Fear: Trump in the White House Review

Fear: Trump in the White HouseFear: Trump in the White House by Bob Woodward

My rating: 4 of 5 stars

I’m not sure what I was expecting but not this. I was struck by how it read like an episode from The West Wing full of chaos and drama. Woodward managed to inject order into the chaos and in doing so, painted Trump in a somewhat sympathetic light. His journalistic sense of neutrality is on display as he presented the first year and half of the Trump presidency as a series of huge moments where Trump’s “instincts” enabled by manipulative forces from Steve Bannon, to Peter Navarro and Fox News clashed with the views of key advisors, like the generals and Gary Cohn, who tried to be the adults in the room. Woodward takes us through defining events including the bungled response to the tragedy at Charlottesville, the Twitter wars with North Korea, the steel tariff, and Trumps pulling out of the Paris accords and trade agreements. At every decision point, Trump seems to look through a lens with three filters that revealed how he would look to supporters and the media, how much it would cost and what would the U.S. (or he) get in return. For example, he couldn’t understand why the U.S. couldn’t mine all the minerals in Afghanistan, or why the U.S. had to spend so much on NATO and the defense of South Korea. He couldn’t understand why we don’t just put the U.S. military out for hire. His instincts are to run the country like a Trump business to make money or enhance the brand. And to Trump, the brand should be about toughness and winning. Everything is winning or losing. He scoffs at the word globalism, a term he clearly learned from Steve Bannon.

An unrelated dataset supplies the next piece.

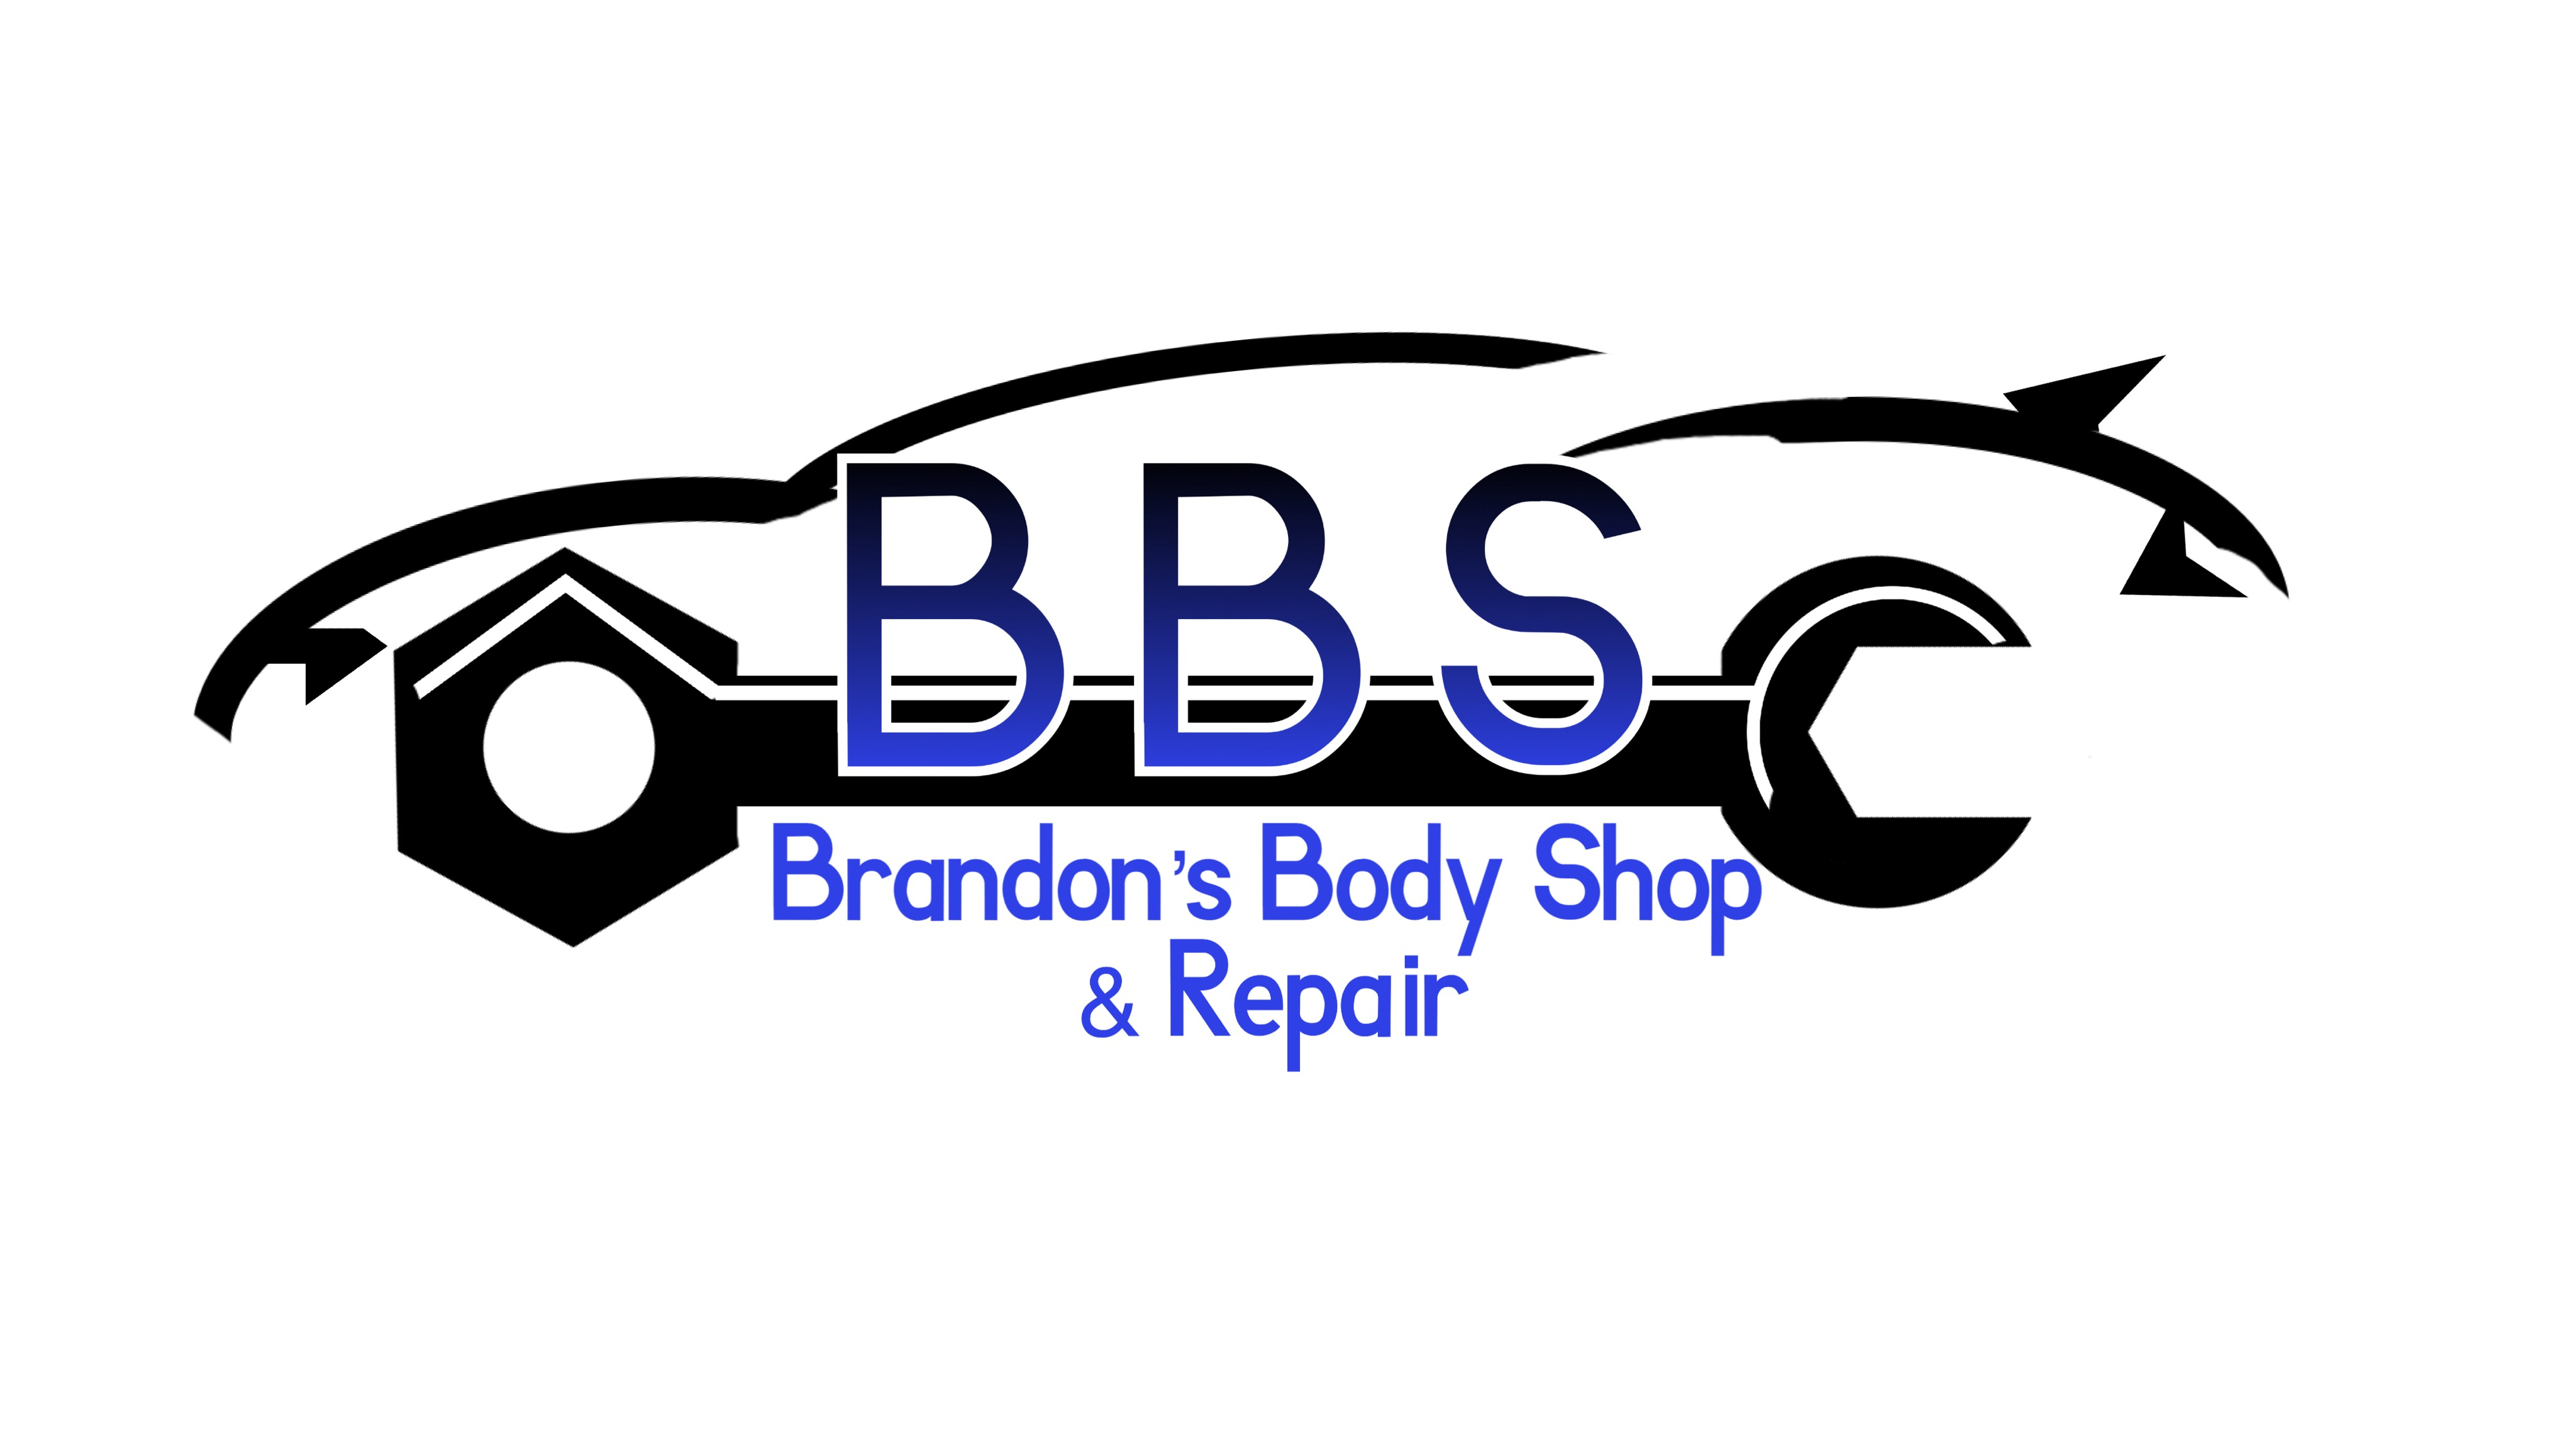 Brandon's Body Shop & Repair

Significant attention is paid to the carping between the president and his advisors and their battle for power and influence. The narrative is critical of Ivanka Trump and Jared Kushner who seem to have their own agenda and to have unlimited access to the president, undermining others. Some of the more incendiary bits revealed how Trump’s closest advisors viewed him. One of Trump’s lawyers, John Dowd, called Trump (charitably) incapable of telling the truth. Secretary of State Tillerson called Trump a “moron”. Chief of Staff Kelly offered a variation on the theme calling Trump an “idiot” while National Economic Council Chair Gary Cohn called him an “asshole”.

What becomes clear in the narrative is just how impulsive Trump can be (something I think we all have observed) but also just how easily he can be talked down from a bad idea. Increasingly, though, trying to put controls on Trump so that rational and ordered decisions could be made became so frustrating and impossible that many of the “adults in the room” left the administration. Now Trump has few guardrails in place to save him and the country from his bad instincts, one of the reasons he was impeached. To compound matters, he is surrounded by yes men and manipulators who have their own (very often bad) agendas – think Pompeo, Miller, Kushner, and Barr.

What Woodward did not explore were the origins of Trump’s bad ideas – that free trade and a free press are bad, and by extension that democracy is bad; that alliances and agreements are bad; that regulations are bad; that immigration is bad; and that protests against white supremacy are bad. Trump’s racism has been on display for years dating back to housing discrimination rulings against Trump properties, the Central Park 5, and Trump’s erroneous claim that Obama was not born in the United States and was an illegitimate president. Woodward does not explore the roles of Bannon and Miller in any detail or the influence of Fox “News” propaganda on Trump’s world view. And importantly, there isn’t much on the cozy relationship between Putin, Trump and the Republicans. Trump appears to support policies that favor Russia over the interest of the U.S. Why is that?

But the book is really more of a document of the Trump presidency up close and behind the scenes as experienced by the major players. It does not attempt to explain how or why Trump got elected, or to suggest that Trump is a bad president, though definitely one we should fear. Nor does he suggest Trump should be impeached and removed. That is left up the reader, including the meaning of the title, Fear: Trump in the White House. My own interpretation is that we should fear Trump more than ever now precisely because the guardrails are off and all the adults are gone or have flipped and become enablers (like Lindsay Graham) leaving the controls to an impulsive, unpredictable, failed businessman who has terrible instincts, undemocratic ideas, and no clue how to govern.